In retrospect, episodes 8-10 make for a snazzy 3-parter on par with the series' first three episodes in cohesion (though not in execution.) The show continues to be weighed down by the same problems, which sting much sharper as we get further into the series. The budget is now being stretched within an inch of its life, turning wars between troops of thousands into mattes of identical low-poly CG soldiers floating towards each other. Even the attention once lavished on Tigre's bowmanship has been replaced with three quick frames of fired-off arrows, followed by three quick frames of Ludmila swinging her lance. It's pretty pitiful, and the show is forced to fall back on narration describing the outcomes of battles in lieu of the kinetic visual evolution that carried earlier battles like the blowout in episode 3.
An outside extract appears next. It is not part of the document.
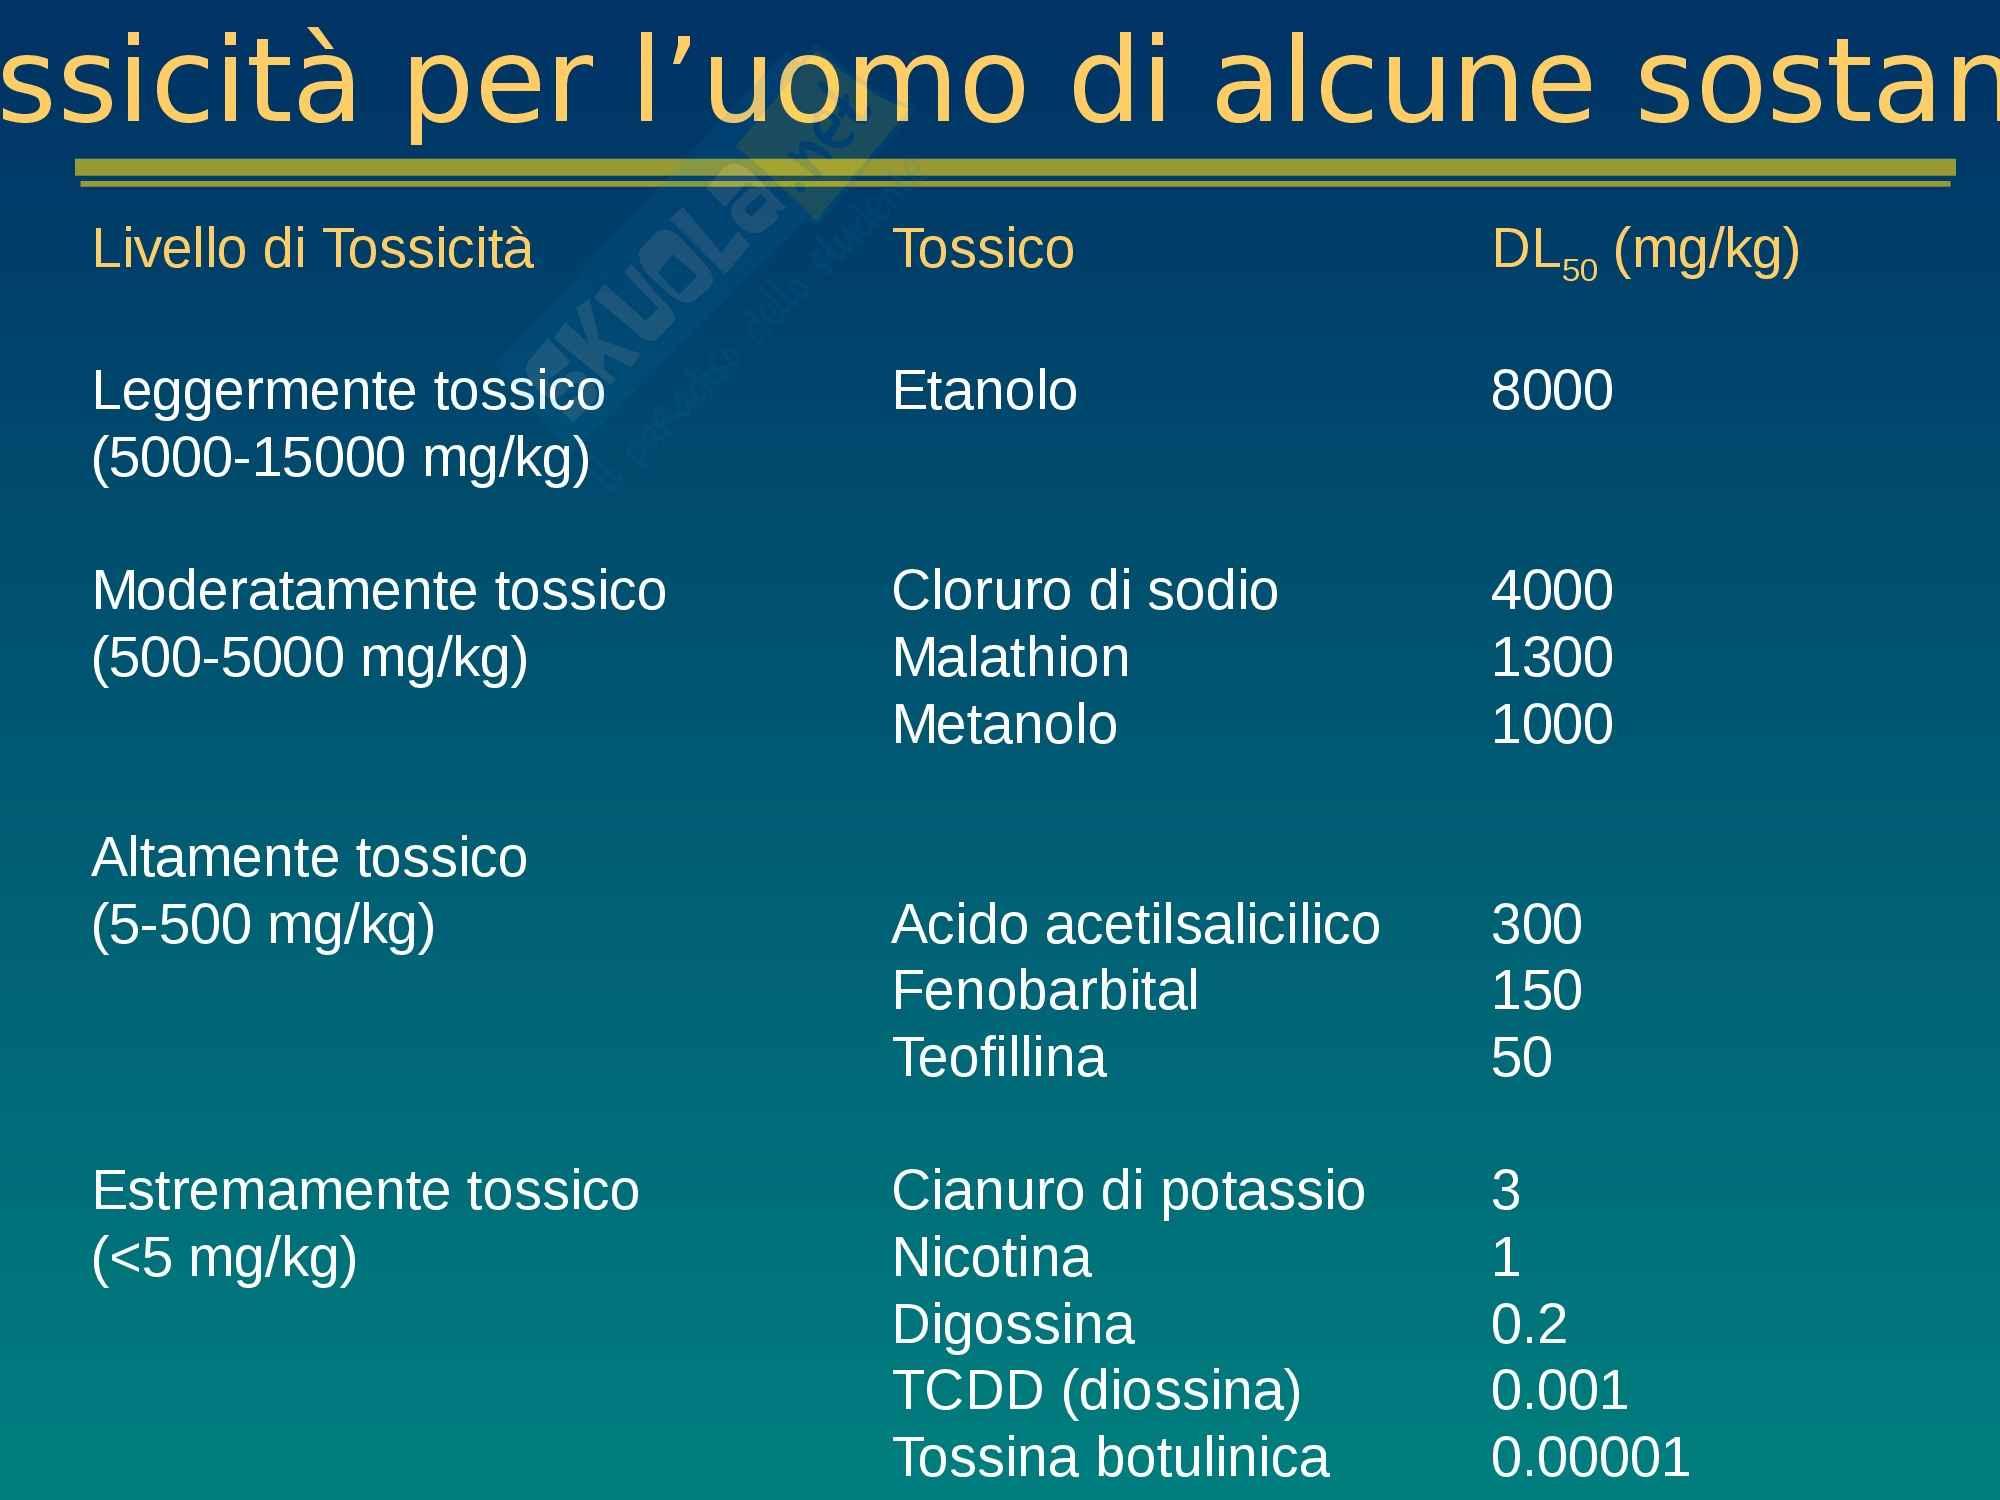 Tossicologia e mutagenesi ambientale, lezione 1 - Appunti Pag. 11

While the sour pacing and limited budget continue to bring the series down, its strong core of fantasy worldbuilding and complex characters is allowed to breathe in these episodes again, and those little moments make the tedium in-between worth it. Ludmila's interference in the barbarian war gave the conflict so much more gravity than it had at first. This wasn't just a filler dispute on the way to eliminating the threat of Thenardier, but a striking step toward fully establishing Tigre as a grand-scale threat himself. Thanks to his actions, he is now seen as a third power on par with the crowns of Brune and Zchted, or the greedy Dukes Ganelon and Thenardier.

It's not an outcome he ever wanted, and it probably means that his days of fighting won't just end with Thenardier. After Tigre apologizes for all the lives past and future that the decision to protect his little spit of land will cost, Elen takes his hand. She tells him that all he can do is pray to whatever god he believes in and stand by his decisions without regrets. It's clearly the path that Elen chose for herself long ago, so now she offers it to Tigre alongside her. After a little more reflection, he squeezes her hand back, and they finally become equals, under a starry sky of endless possibilities. These are the great little scenes that should keep viewers coming back, rocky execution be damned.

Rating: B

Lord Marksman and Vanadis is currently streaming on Funimation.